Shaking as I mourn my baby girl I stare into her little face and fully take in all of her features. She's got dark hair like Christians, tiny little whispy lashes resting delicately on her heartbreakingly colorless cheeks, her tiny nose pointed up in the slightest amount over her defined cupid's bow, much like mine. Her beauty is overwhelming as I can't help but think of every other scenario imaginable than this, most of which have me in gone and have her still here. She'd never know the difference if it were me instead.

She'd grow up with Christian, playing catch in the backyard, he'd push her on the swing as she giggled screaming 'Higher daddy, higher!' her wavy curls blowing in the wind. She'd sit with Alecia and Christian's brothers cheering her daddy on at his games ice cream in one hand, a little baseball cap sat on her head, as she can't sit down because she's just so excited. Maybe she'd get a stepmom who'd be able to love her like she was her own and she wouldn't even have to know the feeling of not having me around. She'd never have to know any better and I didn't have to reimagine my life now that she's gone. February Birthdays are a lot gloomier now than what they should've been. Visits to a resting place instead of celebrations of another year with us smiling and laughing as she'd open up presents getting anything she wished for because Christian and I would've been able to do that for her. 

Why wasn't that enough? Why wasn't our love enough to keep her here? She'd have had the best life, she'd have her barbie dream house with a working elevator, she'd have had the newest American Girl doll if she'd wanted it, she'd have had the world if she'd have asked. Most importantly though she'd have all my love and all of Christians love and that should've been enough. It needed to be enough. We needed it to be enough. I need it to be enough. Why isn't it enough? 

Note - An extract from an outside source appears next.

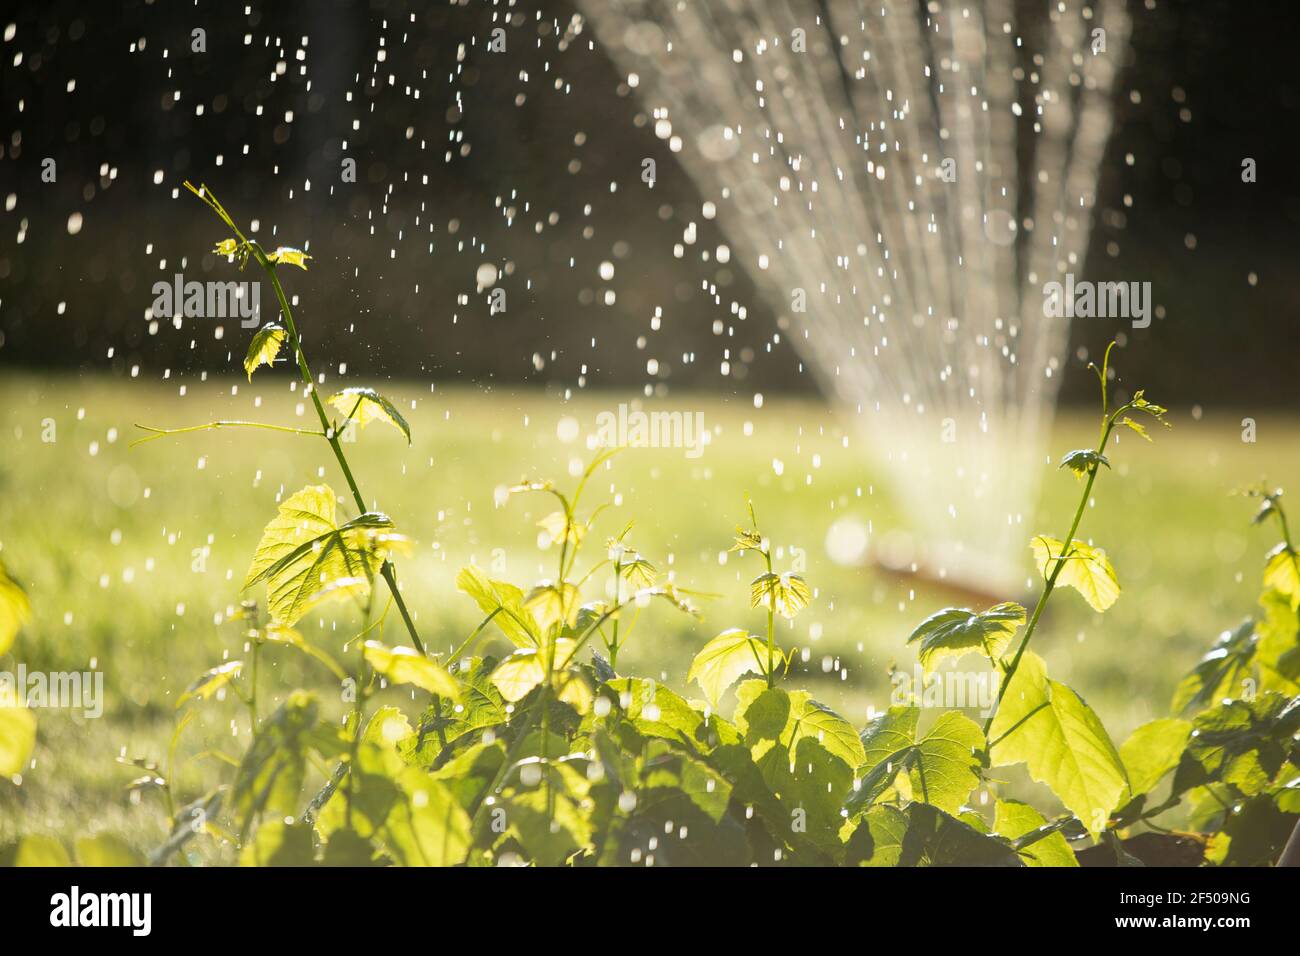 Sprinkler Bewässerung üppig grünen Pflanzen in sonnigen Sommergarten Stockfoto

Sucking in a sharp breath I just freeze in place sobbing as I hold my baby thinking about everything. I'll never get to change her diaper, I'll never feed her, I'll never bathe her, I'll never get to swaddle her up for bed, I'll never get to put her to bed, I'll never get to hold her for hours as she sleeps just staring at how beautiful she is. I'll never get to brush her hair or hold her hand as I take her to her first day of school. I'll never get to hang her drawings no matter how bad on my fridge and make sure she knows how proud of her I am and how awesome she did. I'll never get to be the tooth fairy or Santa or the Easter bunny for her. I'll never get to see her on Christmas day finding all of her presents and the milk and cookies gone. I'll never get to go to her school plays, recitals, and concerts. I'll never get to see and hear what she wants to be when she grows up or see what sports she wants to play. If it's softball or baseball like her dad, or something completely different. I'll never get to help her with relationship advice, or see what she wears to prom or graduate high school. I'll never get to experience being a mom. I'll never just get to be her mom. I carried her and loved her for nine months preparing for her to get here and for her to come home and now, I'll never get to. I'll never get to take her home, and that kills me.